Your ChatGPT Relationship Status Shouldn’t Be Complicated

Your ChatGPT Relationship Status Shouldn’t Be Complicated

My own research has shown the importance of clear social roles and boundaries for social AI. For example, in a study with my colleague Samantha Reig, we found that AI agents that tried to fill multiple roles that were vastly different from each other (say, providing users with a beauty service and later giving them health advice) lowered people’s trust in the system and made them skeptical of its reliability. 

In contrast, by studying families with teenagers that used conversational AI, we found that the AI agent needs to clearly communicate its affiliation—who does the agent answer to, the teenager or the parents?—in order to gain the trust of users and be useful to them. When families didn’t have that information, they found it difficult to anticipate how the system would act and were less likely to give the AI agent personal information. For example, teenagers were concerned that agents would share more with their parents than they would have liked, which made them more hesitant to use it. Having an AI agent’s role clearly defined as affiliated with the teen, and not their parents, would make the technology more predictable and trustworthy. 

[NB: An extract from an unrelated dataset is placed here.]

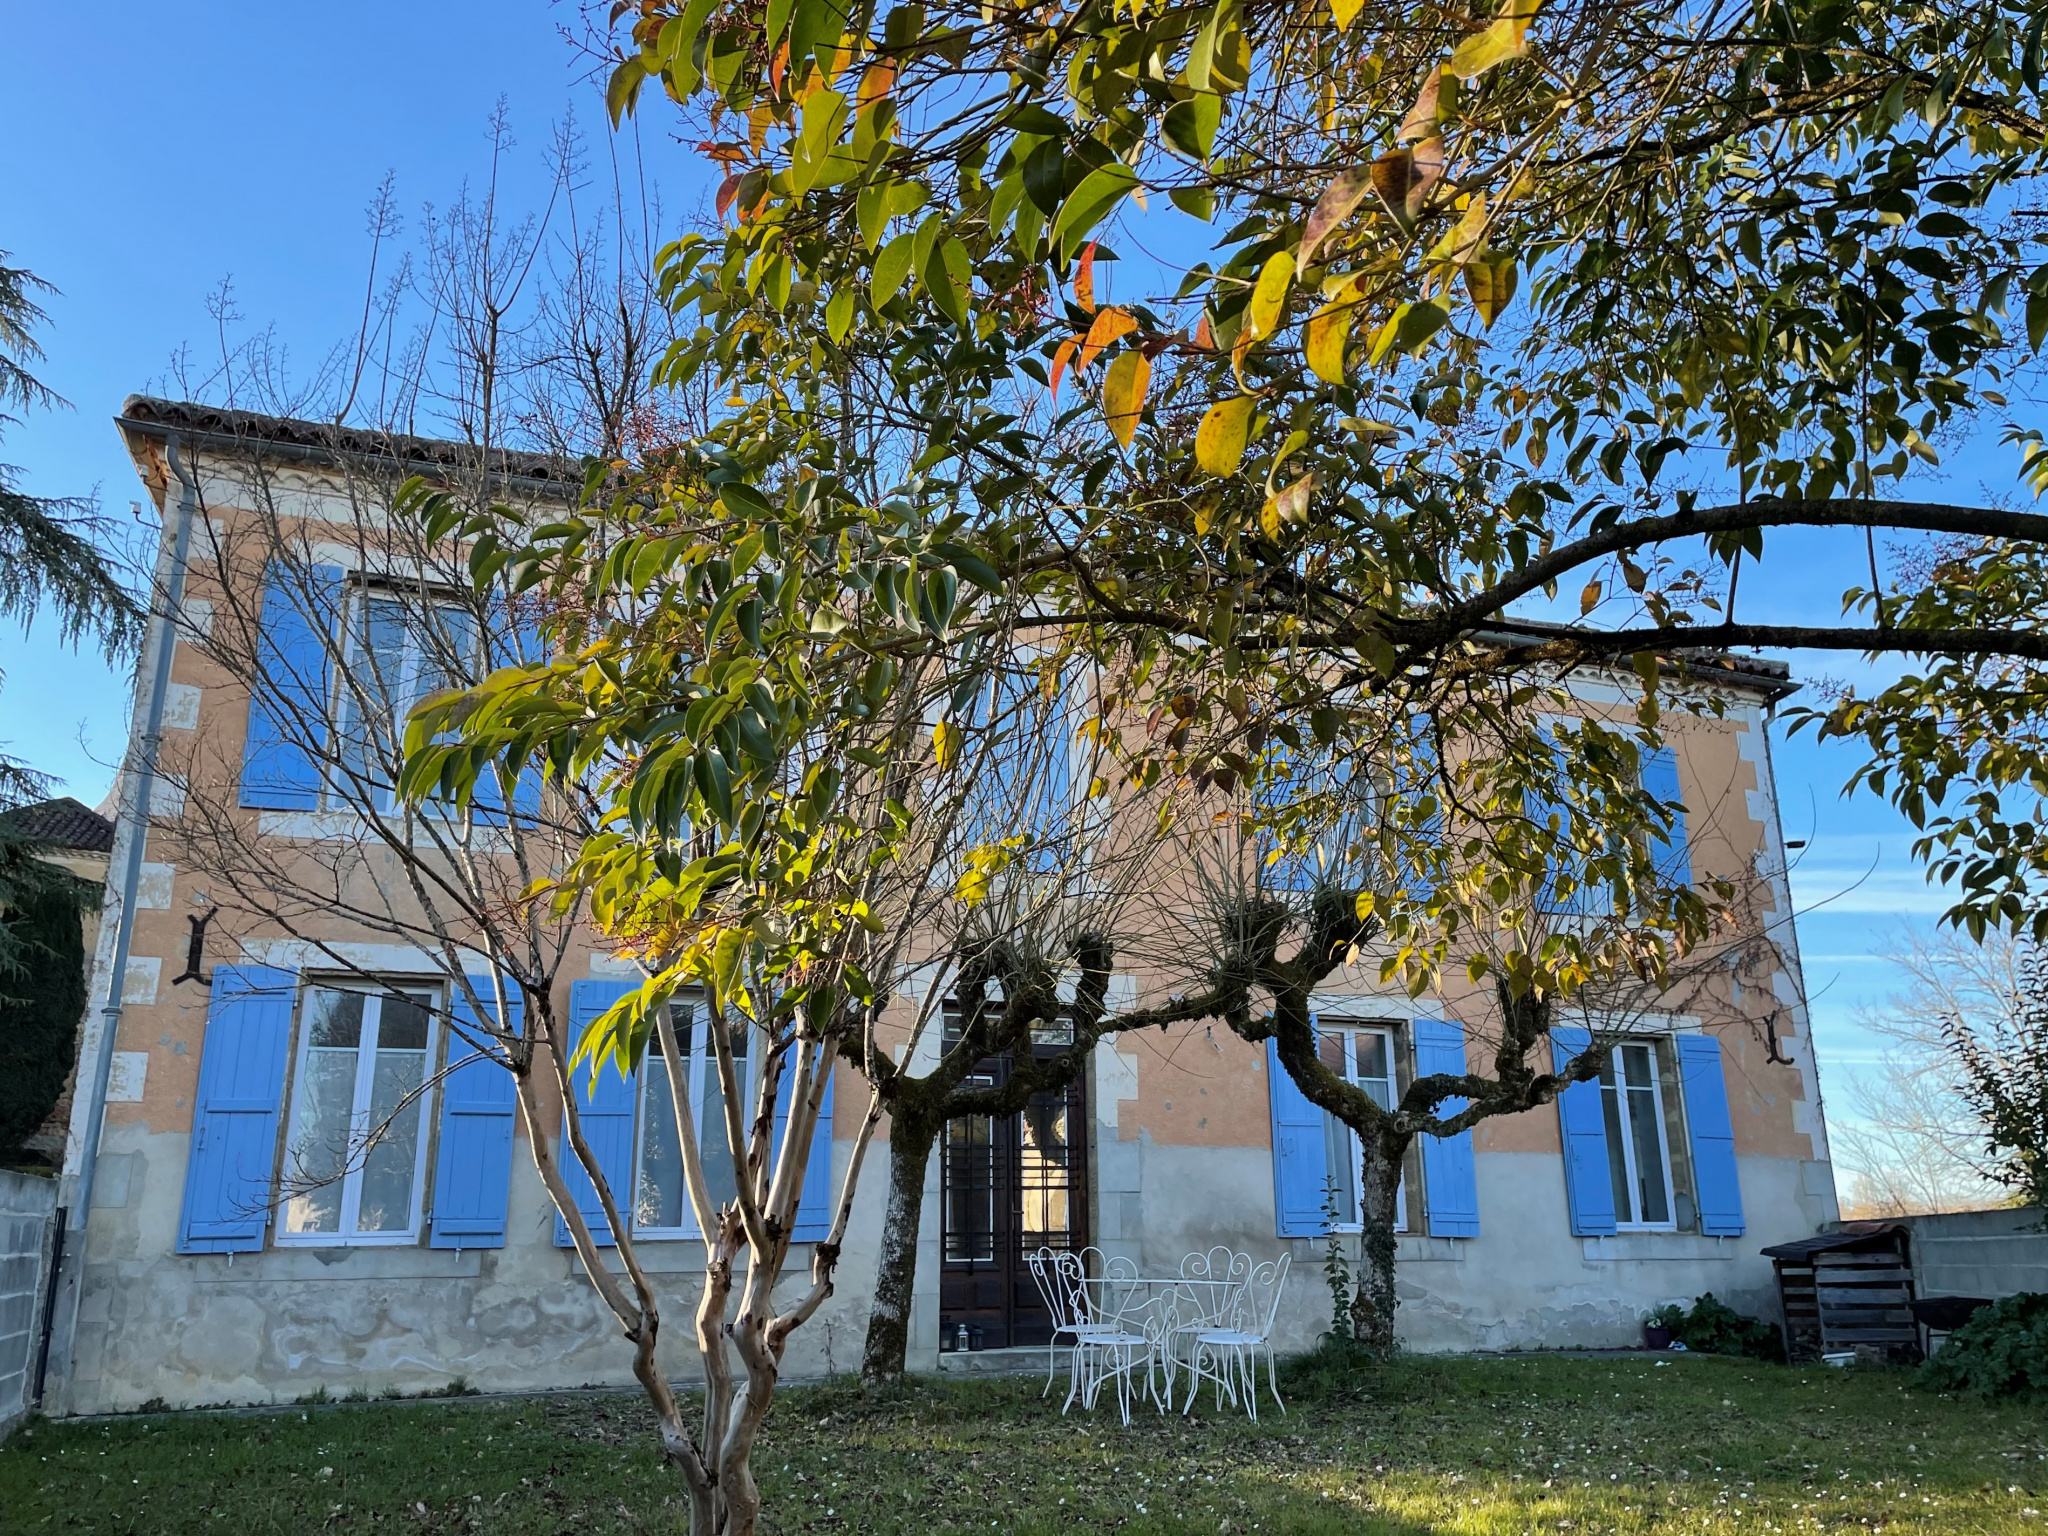 CLOSE TO EAUZE and NOGARO, COMPLETELY RENOVATED STONE HOUSE WITH 3 BEDROOMS AND ENCLOSED GARDEN

Assigning a social role to an AI agent is a useful way to think about designing interactions with a chatbot, and it would help overcome some of these issues. If a child has an AI tutor, its language model should align with this role. Specific boundaries could be defined by the educator, who would adjust them to educational goals and classroom norms. For instance, the tutor may be allowed to ask guiding questions but not give answers; it could provide assistance with improper grammar but not write entire texts. The focus of conversation would be on the educational material and would avoid profanities, politics, and sexual language. 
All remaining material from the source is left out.